2014 Horror Fest: My Bloody Valentine: 44 Out Of 100 Stars

From 1981, the town of Valentine Bluff has a Valentines killer who doesn't want there to be a Valentines Day Dance. If ever a town was in need of re branding, it's this one.

So 20 years ago there was an accident in the mines and 5 miners got trapped. Only Harry Warden survived, and when he was finally rescued he was eating his co-workers. From there he went on a rampage, apparently upset that the town went on with the Valentines day festivities while he was trapped below the earth eating people for dinner.

Since then the town has decided to forgo all Valentines day activities, because despite the fact that he was captured and locked up, Harry promised that if there was ever another Valentines day dance he'd come back and kill everyone.

But you can't stop progress, and gosh darn it the kids want their damn Valentines day dance. Now, when I say kids, I'm talking about a group of twenty somethings who all work in the mines, most of whom are rather strapping. But the film insists on constantly referring to them as kids.

Of course once the dance is announced and the balloons and paper hearts are hung all over town, and I do mean all over town. The set decoration may be a little overdone here. Once that's done, bad things start to happen to the townsfolk, and away we go. The sheriff and the mayor, both of whom look like they've been smoking about 10 years longer than they've been alive, they don't want to scare the town, so they come up with an excuse to cancel the festivities while they try and figure out what's going on. The kids will have none of it however, and they plan their own secret party down at the mines.

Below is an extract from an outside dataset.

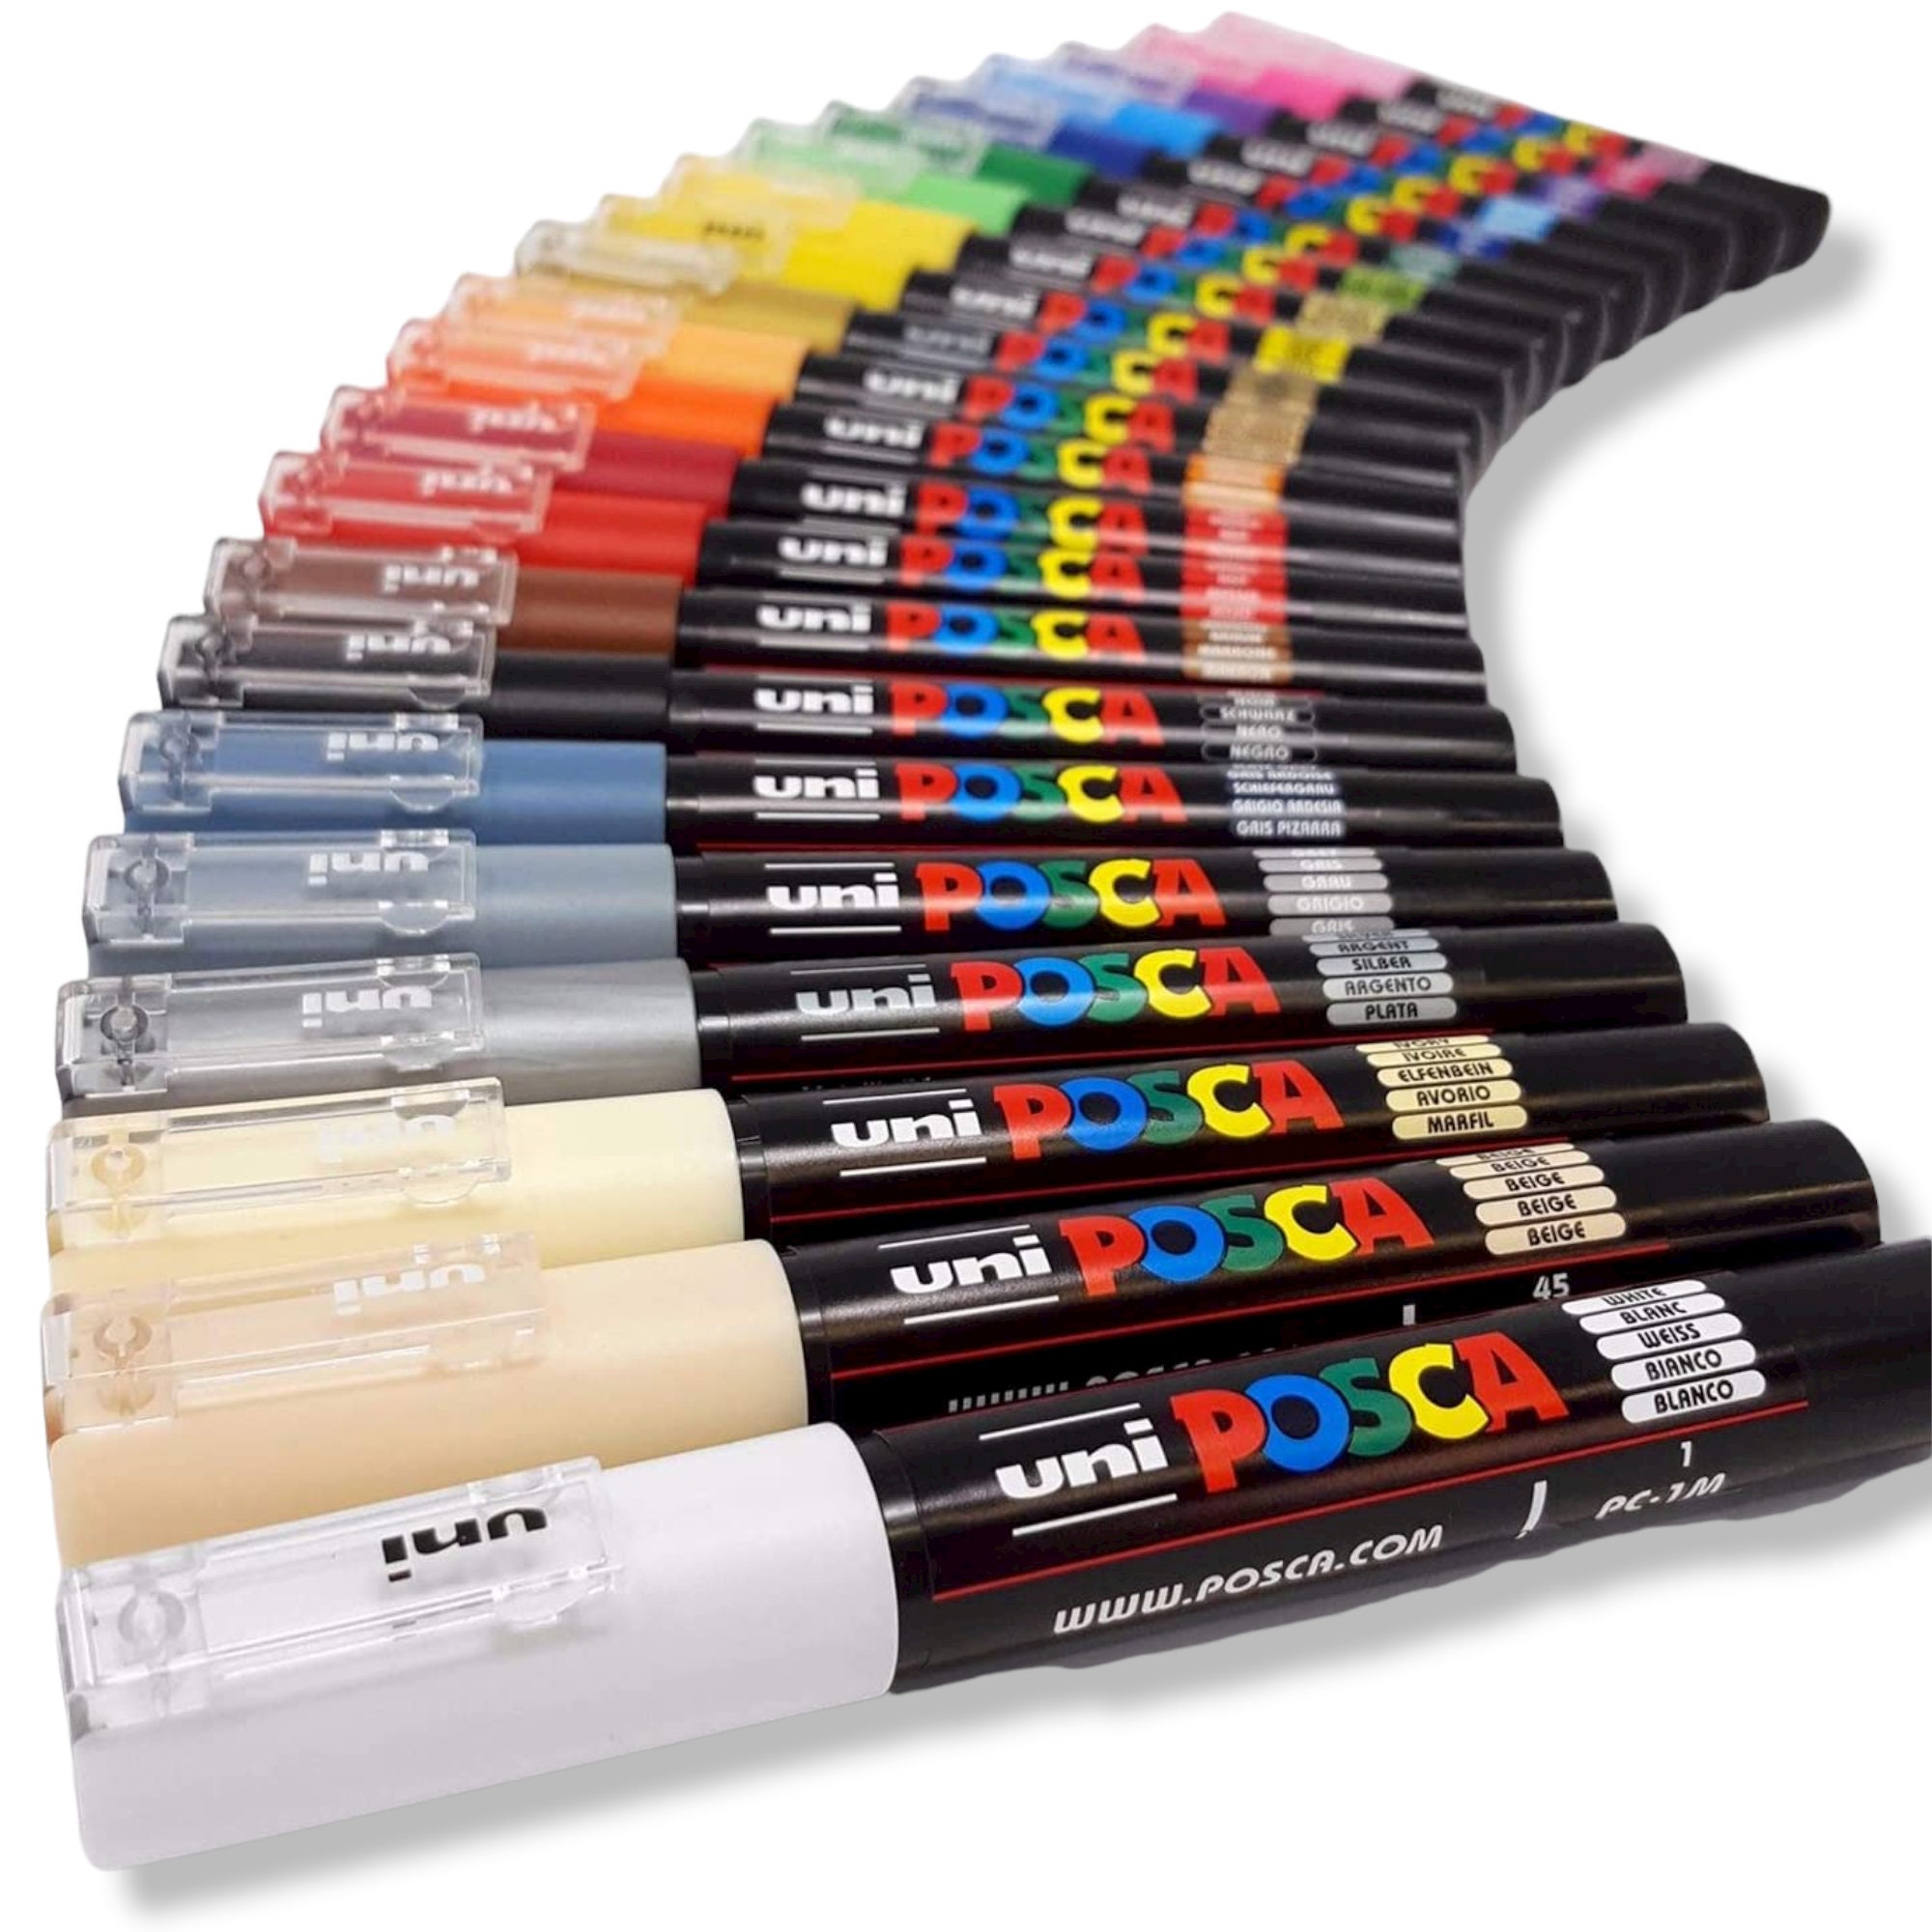 Posca PC-1M Paint Marker Art Pen - Professional 12 Pen Set - Extra Black +  White
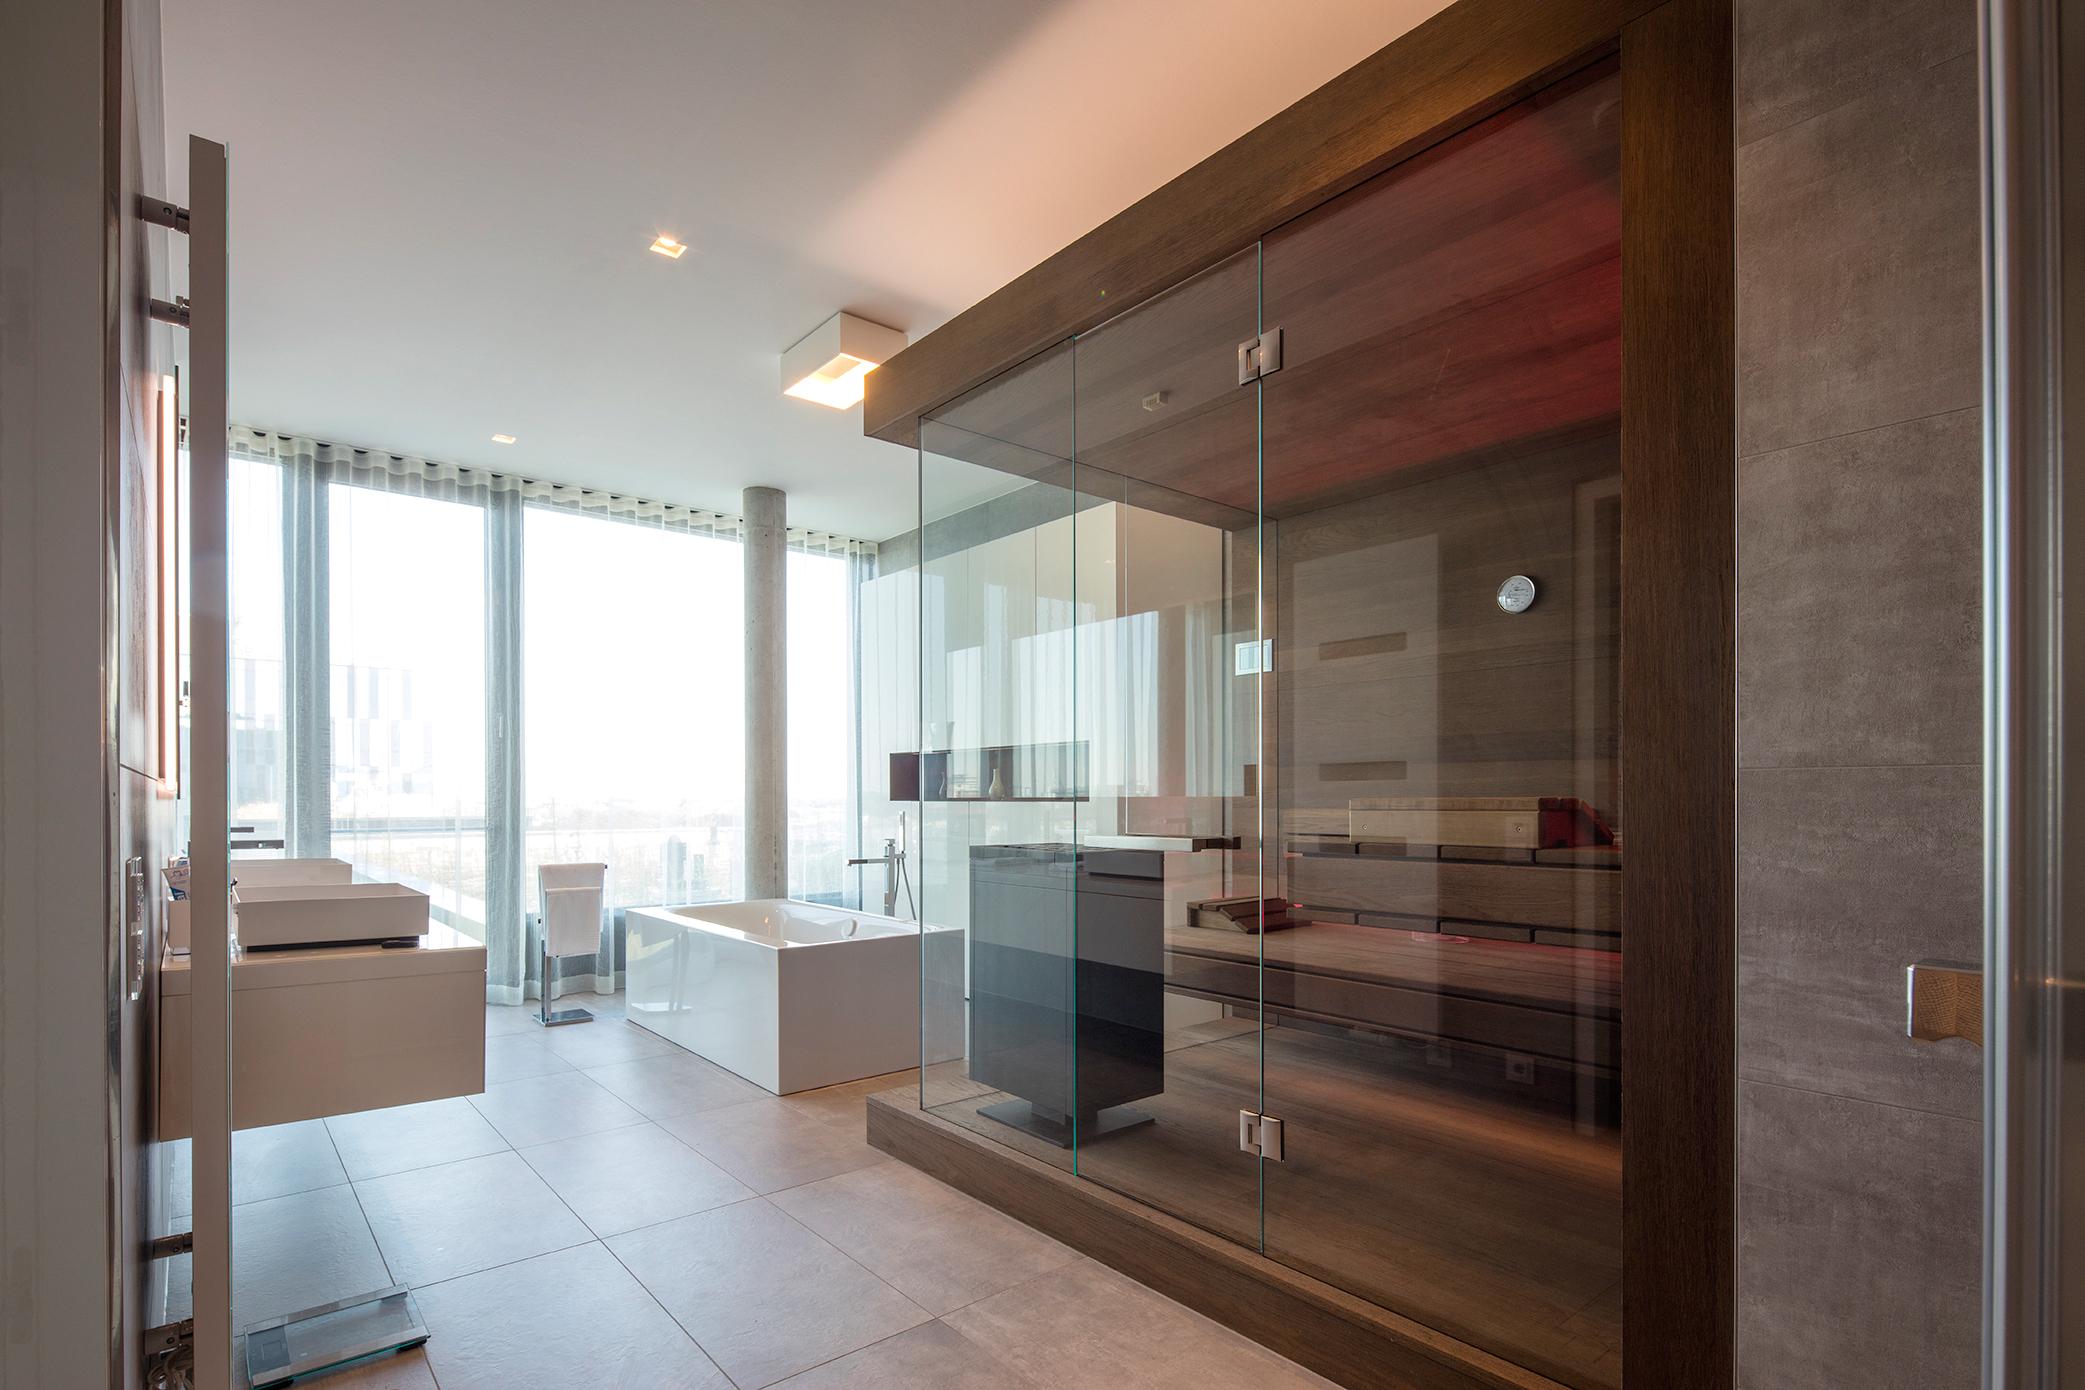 Designsauna mit viel Glas als Design-Möbelstück #sauna #badsauna ©corso sauna manufaktur

As if all of this wasn't enough, we also have a soap opera going on as TJ and Axel, two old friends, are battling for the heart of Sarah. TJ left town sometime back to make it in L.A., what that means I have no idea, but whatever he was trying to do, he failed. When he left he broke Sarahs heart, so she hooked up with Axel. But now TJ is back and he wants his girl. The two men argue over her as if she were couch. Most of her say in the matter is reduced to being manhandled and told how much each guy loves her while she hems and haws and spends most of the damn movie never making a damn decision.

The kills are pretty fun and innovative, I'll give it that much. The setup isn't bad at all either, it's the films rather ponderous third act that really drags it down. A room full of 6'2, 220lb men realize there's a killer on the loose and immediately scatter back into town to get the middle aged, 150lb sheriff. This leaves only TJ and Axel to go down into the mines where some of their friends have decided to go for a little fun. The final chase scene goes on for what feels like forever while trying to build a twist that you see coming from a mile away, even in a dark abandoned mine.

It's not awful, but there are better movies you could choo-choo-choose to be your Valentine.